Pakistan was wonderful, a real treat and a nice escape from the craziness of India.
I rolled into Amritsar--the holy Sikh capital of the world--on Sunday and rolled right on out Monday afternoon. But Sunday in Sikh land was really nice too. While Delhi's wild honking has somehow made it's way this far north, the rude hawkers and touts have not and I found it relatively easy to walk down the street hassle-free. Amritsar is home to the beautiful Golden Temple where the original holy Sikh books are housed. It's completely impossible to describe in words but when I make it to Delhi tomorrow, I'll try to post a few photos. But the best thing off all is how Sikhs practice community--everything is free!! There are free dormitories for pilgrims and visitors as well as free meals at the temple kitchen (open 24/7). Yes! A FREE day! Upon arriving at 5 am, I quickly found the foreigners dormitory and put my stuff in a locker. That's where I met Tess, a really fun guy from Germany who was on his way out. We had a great time hanging out all morning and sharing a cup of Chai in celebration of some recent success in his pursuit of scholarships. Later that night, a guy from Canada joined me to watch the India/Pakistan border closing ceremony. Unfortunately all of my videos were accidentally deleted but hopefully the photos will accurately show the goofiness of this event. It's like a Charlie Chaplin film meets M*A*S*H. It was a fun day. The only draw back was the bed bugs... Luckily I slept in a bed without them but the other two people in my room were not so lucky--they woke with bites all over! Eeek!
Sunday afternoon I continued on to Lahore, Pakistan. It was an interesting day. Crossing the border was an experience to remember as I was the only one crossing. The place was virtually deserted save a handful of border guards. This particular border point is the only place foreigners are allowed to cross by land and it's often closed due to fighting over the Kashmir region, so making it across was momentous--few get to do it. And lucky for me, I'm an American!
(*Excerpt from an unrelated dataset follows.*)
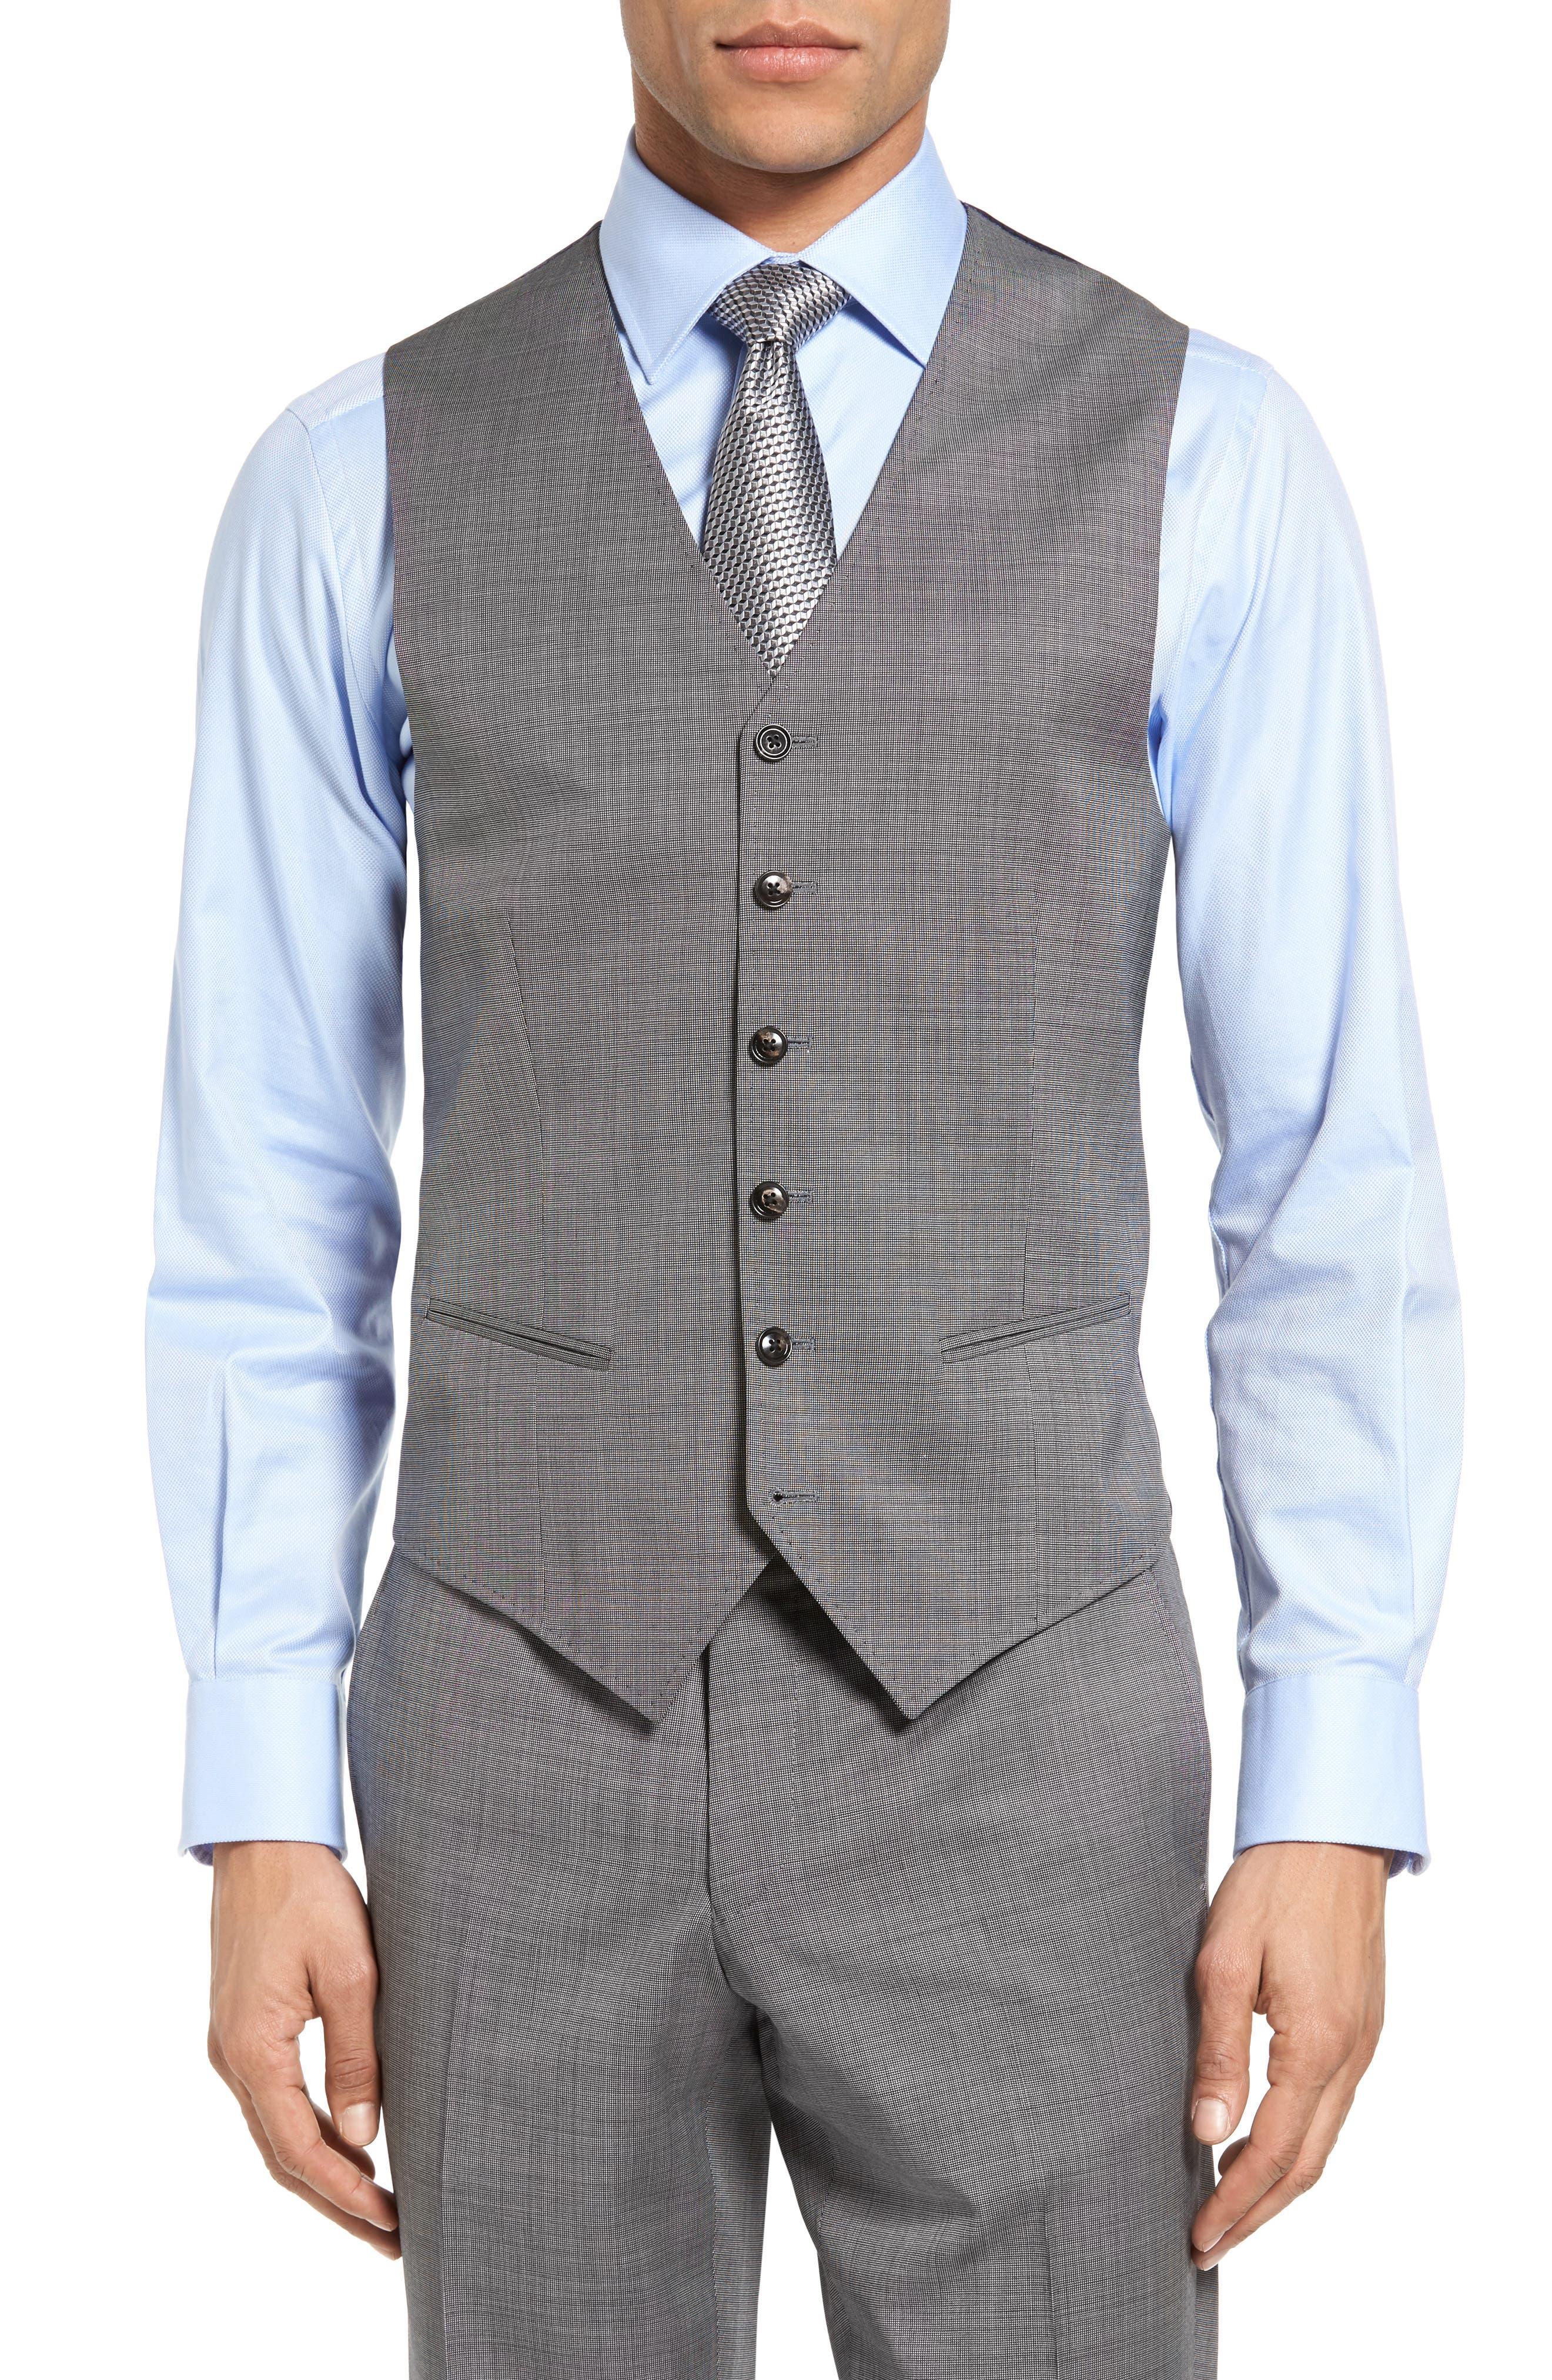 Main Image - Ted Baker London Jones Trim Fit Wool Vest

Chinese, Pakistani and India nationals can only cross by train which is always delayed by about 3 hours on both sides for custom checks!
Once I crossed, I was instantly impressed. Pakistan was LOADS cleaner. The people smiled more. The buildings were more modern with air conditioning. And my tuk-tuk driver was super nice; on the way to Lahore, he not only bought me lunch as a welcome gift but also stopped to help to people who's motorbike broke down. Indians just wouldn't do that (or at least not any that I met).
Upon arrival, I checked in to the Regal Internet Inn (basically the backpacker's first and only choice in Lahore) and was warmly welcomed by Malik and his groovy group. Some people had been living there for months, some had arrived just that day, but all of them were kind, interesting, intelligent, and really funny. There were people from Morocco, France, Australia, Germany, UK, and me. All sitting around the coffee table in a makeshift-living room up on the roof, we all enjoyed sharing stories from the road. It was just like a home and the friendly atmosphere was just what I was missing. Maybe it was the facilities or maybe it's the fact that you better be determined and a little "out there" to go to Pakistan, but they were the best bunch I've met yet. Later that night we all went to Food Street to dine on some truly delicious kebabs. It was amazing. I've seriously decided that Pakistani food is second only to Thai and not by much.
The next day, every one slept late (as in 11 am)--including me! Shock of the century! The bed was just too comfy and clean! Then I headed out to see the Lahore Museum, the second largest museum in Asia. Too bad I only got to see one gallery of 20... Just 15 minutes after I arrived the power went out and never came back on. I waited two hours before the closed and locked the doors. It was rather disappointing. So I did the next best thing: I went to the fort. It was well worth the trip. Rebuilt numerous times since around 100 AD, the fort's present state is all that's left of Akbar's remodeling in the 1600's. Most of it's in ruins but I got some great photos and really enjoyed the emptiness of the 26 acre complex. (This month is Ramadan and Muslims are supposed to fast both food and water during the day which means most of them stay home and just think about eating and drinking.)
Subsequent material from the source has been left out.